100W Solar Panel Install

100W Solar Panel Install

It doesn’t take a genius to work out that solar relies on the sun to produce energy out of light. If your van is going to be parked up where an overcast day is more likely, it might not be the best option for you. However, that being said solar panels do still work in these conditions, just not to their full potential. We have installed a 100 watt solar panel as a way of generating energy whilst not moving and keeping the battery topped up.

The leisure battery we have already installed is set up to charge like most when on the move. Funnily enough, we don’t actually plan on using enough power to fuel a small town, so the chances of running the battery dry are slim. However in the event we do park up for longer than expected and do not move the van, a solar panel means that we will always have a topped up battery. This is going to be a perfect addition for our first trip down into Europe this summer. We hope for some nice weather at least, who knows in the mountains.

Is one enough?

Depending on the amount of energy you use and what you have to run, you might need more than one panel.

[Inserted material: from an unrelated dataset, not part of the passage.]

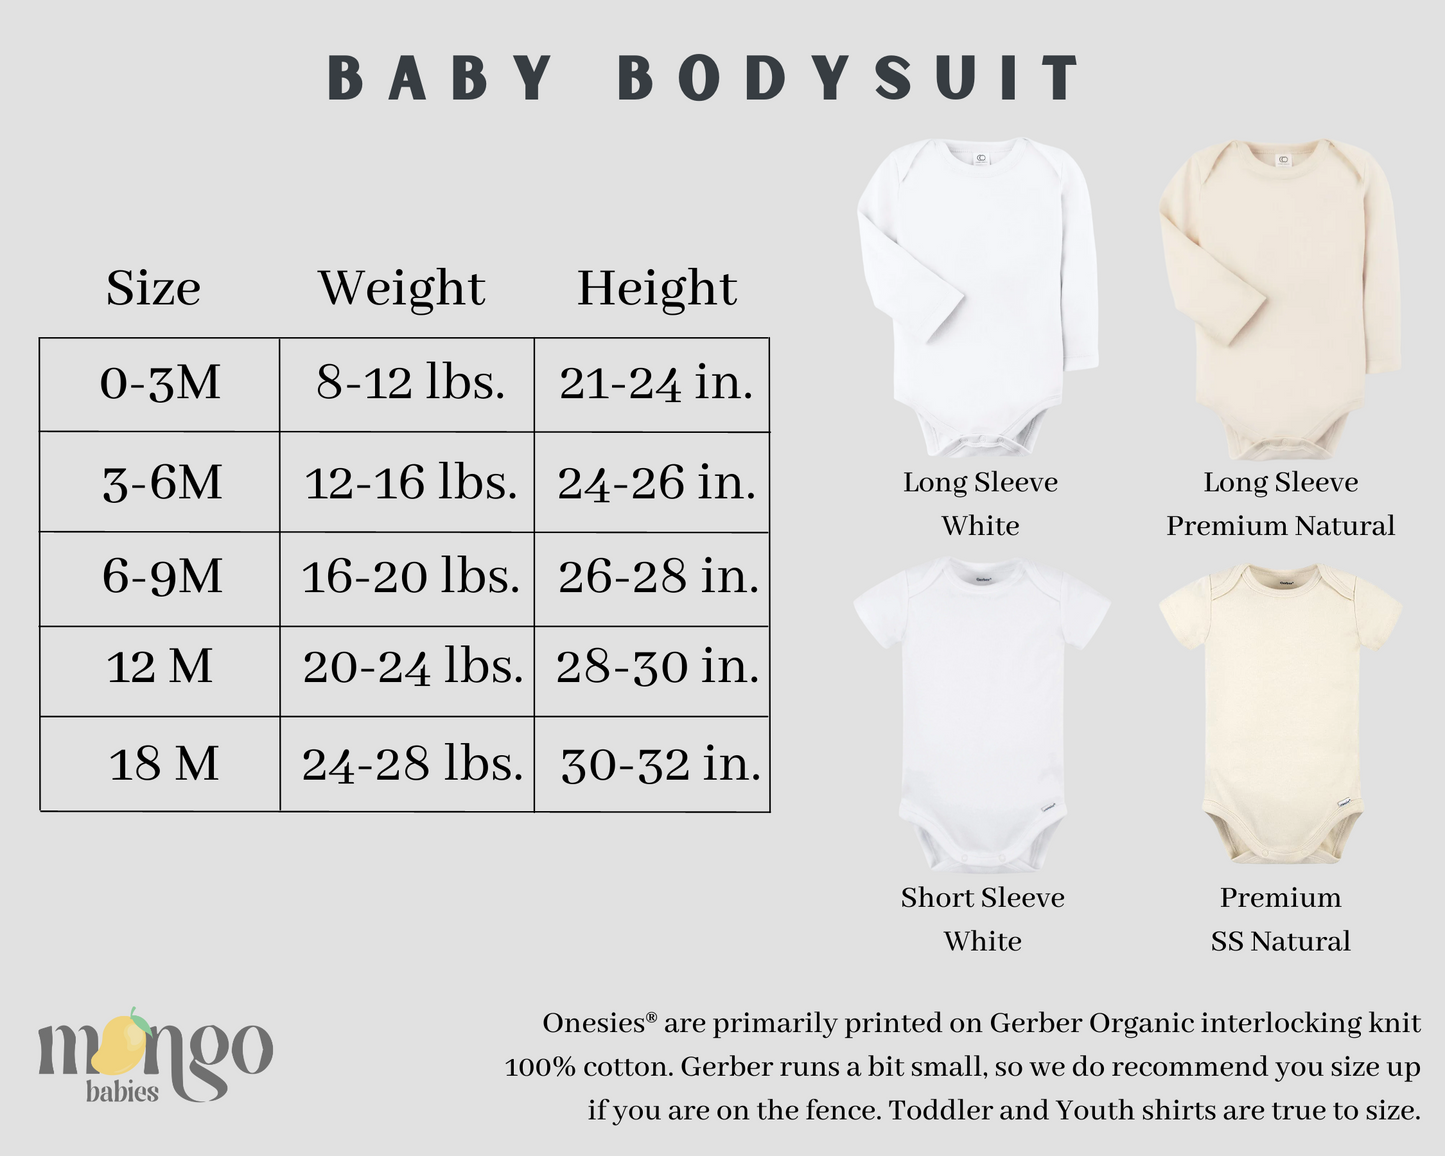 Macaroon Tshirt Baby Onesie® Little Macaroon Baby Bodysuit Newborn Outfit Baby Shower

They come in all sorts of sizes, but the panel we chose is a 100W 12v from “ECO-WORTHY”. This panel cost £86.00 which we feel is great value for money. Eventually once the panel has paid for itself we will have free power. This is only 100 watts but is enough to keep our battery topped up providing there is enough sunshine. We don’t plan to go completely off grid and use solar to run everything, not yet anyway.

We always have the ability to add more if need and run them in parallel. With the CTEK split charge we have, we can run 12v panels in parallel up to 300W. For more advice on what you can and cant to, I would recommend speaking to the guys at Bimble Solar.


This panel came pre-made with mounting holes to pass bolts through. However we did not want to drill holes into the roof rack. Instead we purchased 4 exhaust clamps from Halfords. This meant we had to drill a few more holes but also meant that we avoided drilling into the aly on the roof rack (Which is pretty tough stuff). This method also meant the panel was more secure. Not that the 4 bolts would have ever come undone, but you get the idea.

As the panel would be mounted at the front of the van, we had to run the positive and negative cables to the CTEK in the van. The most direct route would have been to drill though the roof and come out right above the split charge. Although a more expensive way we, opted to run longer cables to the back of the van. These would come through two rubber grommets already in place, and back behind the walls to the box. No holes in the roof necessary.

We now to all intents and purposes have free power! This means we can now go off grid for longer knowing the battery should keep topped up. Less driving more riding!